Compliance isn’t just about filing your business taxes on time and keeping accurate records—it’s also about being prepared for tax scrutiny, including VAT and transfer pricing audits. In the UAE, the Federal Tax Authority (FTA) oversees the collection, management, and enforcement of tax laws and regulations. This means your business could be selected for a tax audit at any time. Rather than panicking, it’s far better to understand what an audit entails and how to be fully prepared. In this blog, we’ll provide essential background on tax audits in the UAE, with a special focus on VAT and transfer pricing.
Conducting a Tax Audit – Federal Tax Authority
As per Cabinet Decision No. 74 of 2023, the tax authority shall consider the following particulars before conducting an audit.
a) The necessity of the tax audit to promote the integrity of the overall tax system.
b) The responsibility of the taxable person, or any other person associated with it, to comply with the relevant tax legislation.
c) The expected tax revenue to be collected.
d) The burden of proof is on both the taxable person and the authority concerning compliance.
The authority may decide to conduct an audit of a taxable person previously audited; they should take into account the following considerations:
a) The results of the previous audit.
b) Any additional information that will alter the decision or position of the authority.

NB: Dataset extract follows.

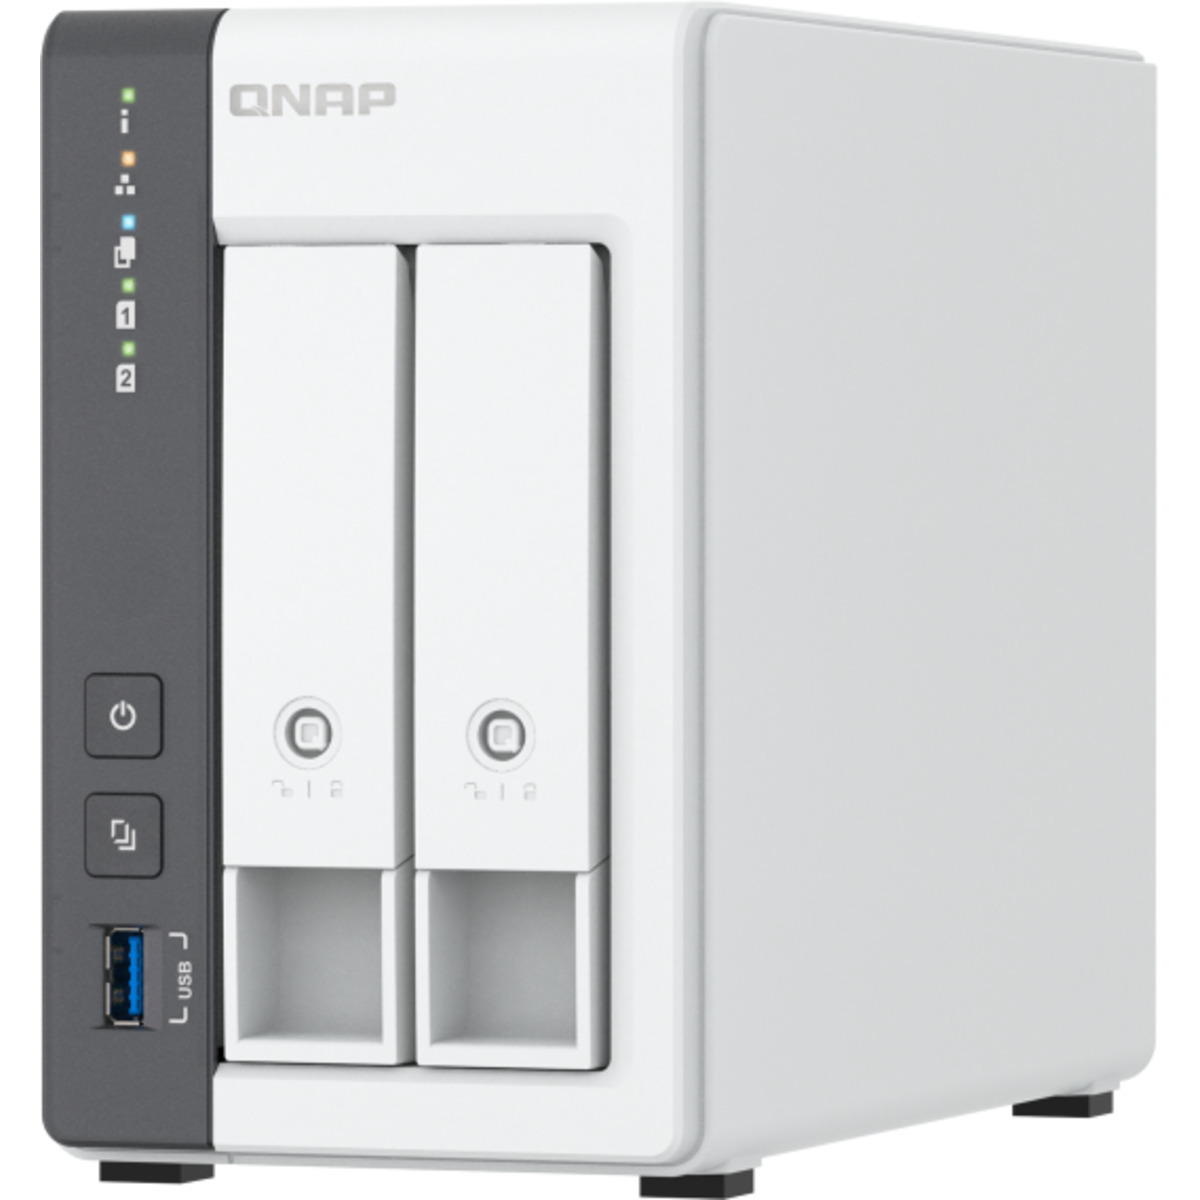 QNAP TS-216G 32tb 2-Bay Desktop Personal / Basic Home / Small Office NAS - Network Attached Storage Device 2x16tb Seagate EXOS X18 ST16000NM000J 3.5 7200rpm SATA 6Gb/s HDD ENTERPRISE Class Drives Installed - Burn-In Tested TS-216G

The decision of the authority to conduct the tax audit is final, and therefore, it cannot be objected to or challenged by any person.
General Tax Audit Procedures – VAT and Transfer Pricing Audits
The general audit procedures can be the same whether it is for VAT or a transfer pricing audit. Let’s highlight some of the key audit procedures that the authority may perform during the exercise.
1. During the audit, the authority may inspect:
a) The documents and assets available at the premises.
b) Data and records stored electronically.
c) Accounting systems used by the respective taxable person.
2. To proceed with the audit, the occupying tenant or the person having control over the premises (as considered by the authority) shall provide all the assistance to the authority for an effective audit.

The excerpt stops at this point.